Ha'aretz reports:
President Moshe Katsav on Monday called upon the government to implement a policy of affirmative action to support the integration of Jewish Ethiopian immigrants into Israeli society.
Speaking at the official memorial ceremony for Jewish Ethiopian immigrants who died during their journey to Israel, Katsav said: "I expect the government to use affirmative action and provide full support for the integration of Ethiopian Jews in Israeli society. I wish to tell (Jewish Ethiopians), the government should stand at your side to help you. You deserve an affirmative action policy."
… The Jewish Ethiopian community in Israel holds a memorial ceremony annually since the 1980s, to commemorate some 4,000 of their members who perished in the Sudanese deserts as they were making their way to Israel in a massive operation performed by the Israeli government [with the financial and diplomatic backing of the United States government, which conceived, negotiated and largely paid for the rescues – Shmarya] known as the Moshe Operation.
Beginning last year, the community's quiet unofficial ceremony was replaced by an official state-sponsored ceremony. Justice and Immigrant Absorption Minister Tzipi Livni said in her speech "your mourning must become part of the mourning of the State of Israel."
4000 Ethiopian Jews died in 1983-85 trying to reach Israel. Some were murdered. Many starved to death.

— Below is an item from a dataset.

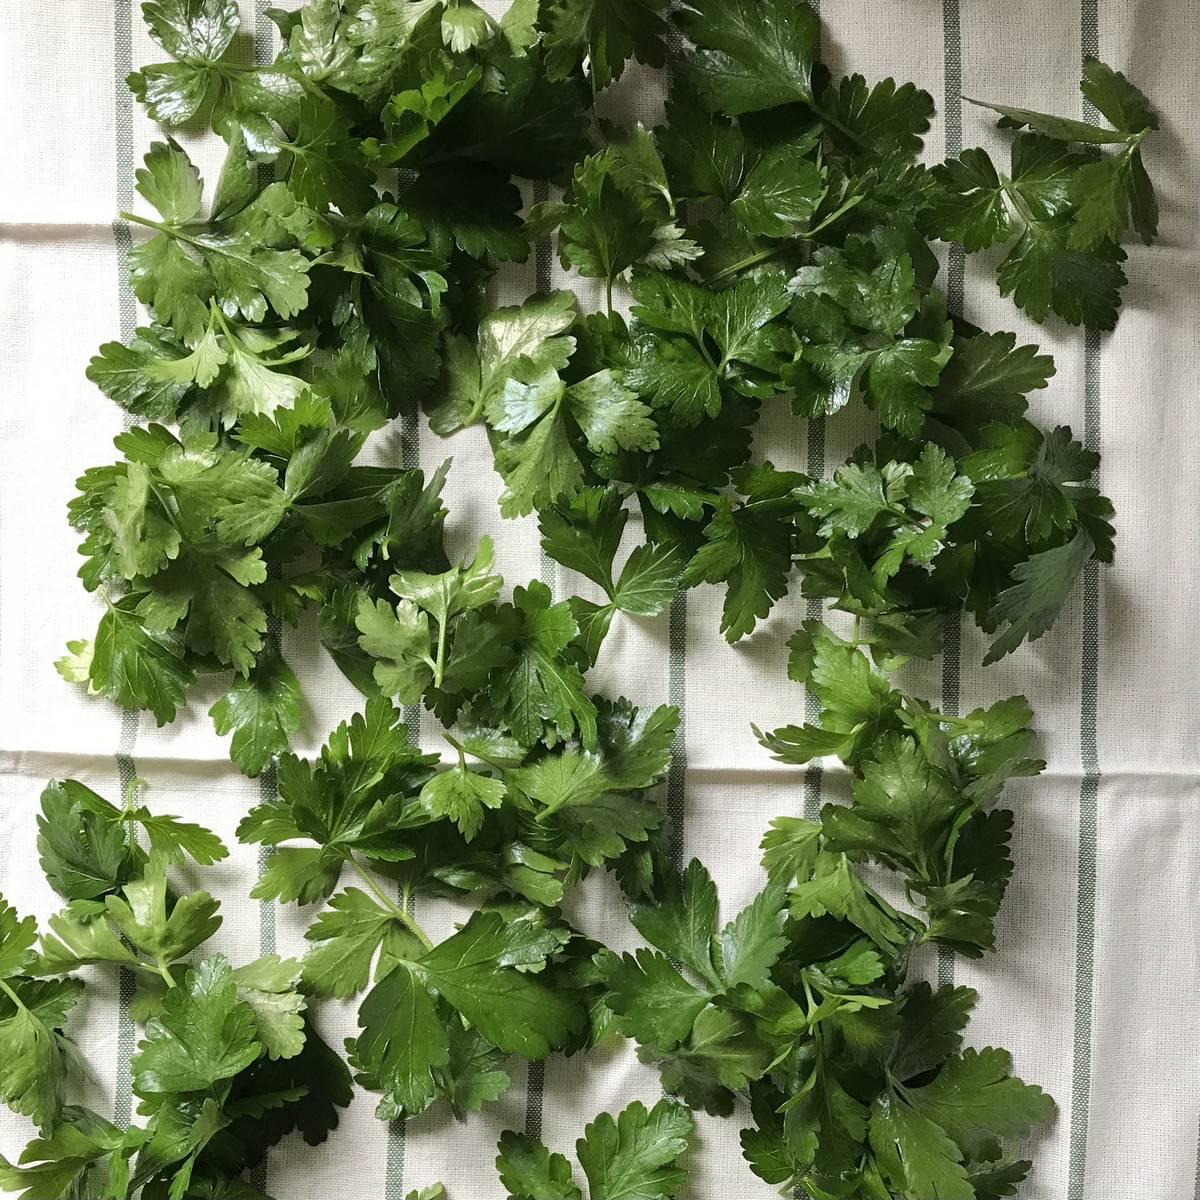 Fresh parsley on a tea towel.

Many more died of dysentery and other diseases.
Still, to Orthodox Jews (except for parts of Bnei Akiva and Shas), especially Israeli haredim and American Orthodox Jews of all affiliations, Ethiopian Jews are simply schvartes, with all the negative connotations that word implies.
To Rabbis Yosef Shalom Elyashiv, the Novominsker Rebbe, the late Chabad-Lubavitcher Rebbe, Hershal Schachter, JD Bleich, Mordechai Willig, etc., the mourning of Ethiopian Remembrance Day is that more didn't die in the desert or stay behind in Ethiopia so fewer would have survived to 'pollute' Israel.
That Rabbi's Moshe Feinstein, JB Soleveitchik, Avraham Yitzhak HaKohen Kook, Ovadia Yosef, the Hildesheimer and almost any rabbi of true greatness in the last generations endorsed and indeed demanded rescue does not matter.
To the midgets of today's Orthodoxy and their cult-like followers, a schvartze is a schvartze is a schvartze.